Conscious of our duty of candour owed to the court we should make it clear that, apart from items (iv), (vii) and (viii), these matters were identified before the conclusion of the hearing and the advice of Leading Counsel then instructed was that it would not be in our client’s interest to raise them in support of an application for recusal. Our clients accepted Leading Counsel’s advice.
Items (iv), (vii) and (viii) were, however, not discovered until a fortnight had passed since the hearing, and our clients waiver, either by word on day 1 or by continued participation in the hearing thereafter, was accordingly not made with the full knowledge now available.

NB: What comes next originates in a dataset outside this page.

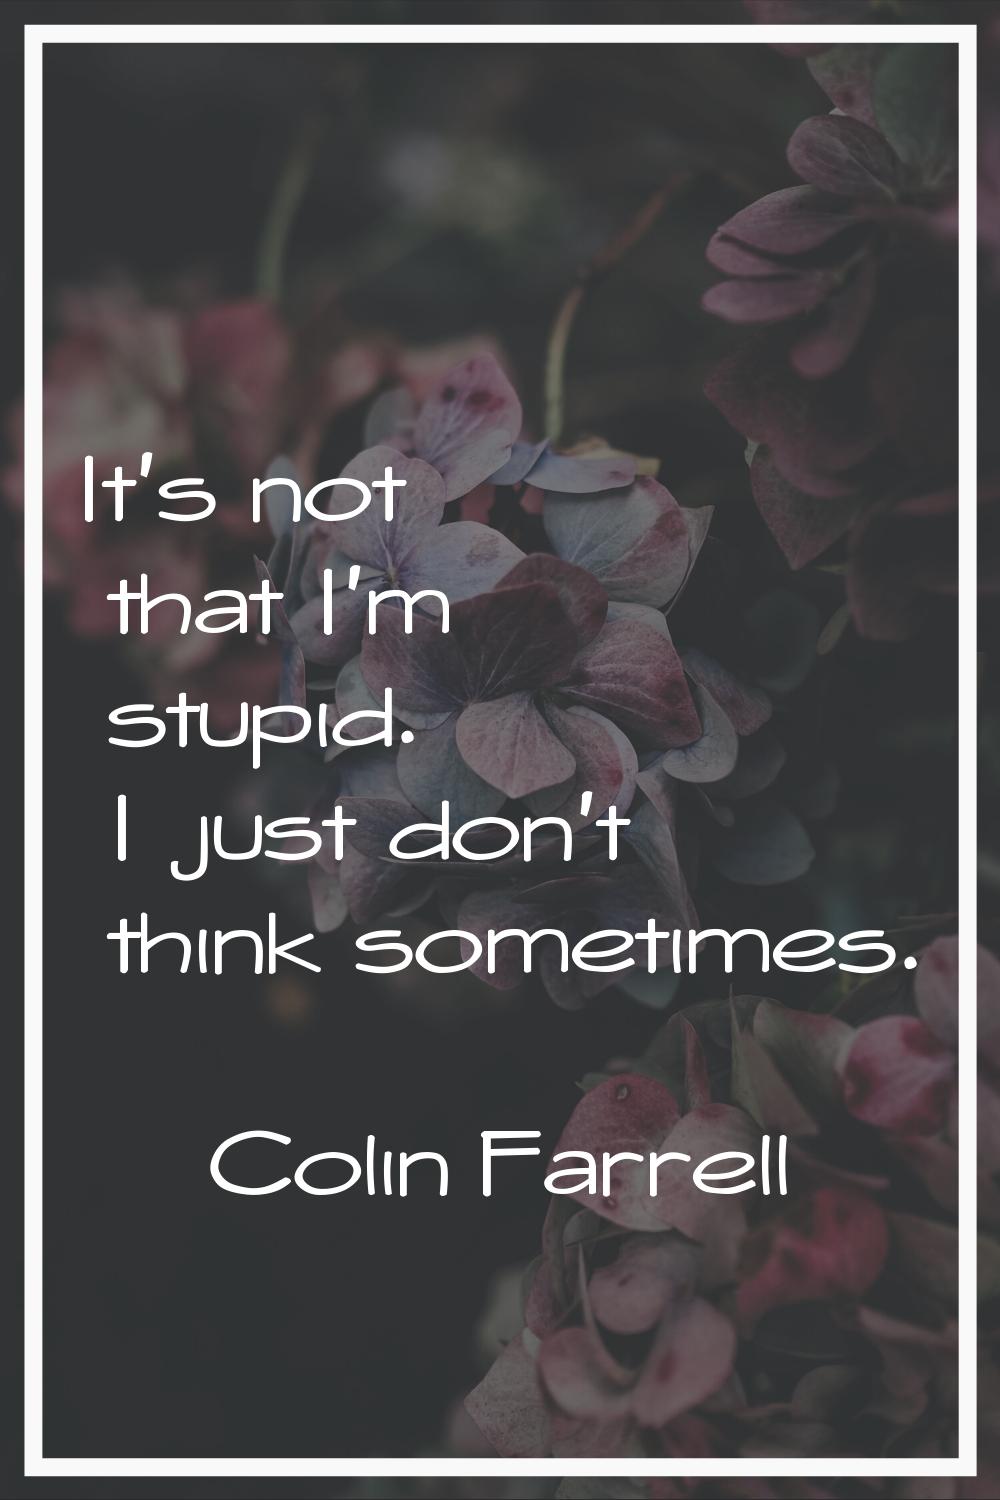 It's not that I'm stupid. I just don't think sometimes.

Applying the test now laid down by the House of Lords in Porter v Magill and without needing to suggest that Lord Justice Sedley would have dealt or would deal with the appeal other than on its merits, we and our clients putting ourselves, as that test requires, in the shoes of a fair minded and informed observer would suggest that there is a real possibility of bias when:
a. a Judge suffers from the same condition as is in issue – in terms of responsibility (or not) for it – in the appeal;
b. the Judge does not himself disclose this – while disclosing other facts perceived by him to be relevant to his ability to sit;
c. this occurs in the context of the web of links to which we have already referred.”
The letter concluded by suggesting the appeal should be relisted before another panel.
By letter of 13th May 2009, Halliwells supported Weightmans’ letter. They sought to attach blame to the conduct of Wake Smith. They said “we must express our surprise and disappointment that Wake Smith did not disclose their relationship with the BTA on the first day of the appeal.” In that context, they referred to the wasted costs of the appeal.
Also on 13th May, Hill Hoffstetter supported Weightmans and made their own application for a fresh hearing before a fresh panel. They too sought to blame Wake Smith (“Notwithstanding the fact that the constitution of the Court was known …, Wake Smith failed to identify their own connection with the BTA and therefore, indirectly with Sedley LJ ..). They made many of the same points as Weightmans, supporting the overall “web of links” allegation.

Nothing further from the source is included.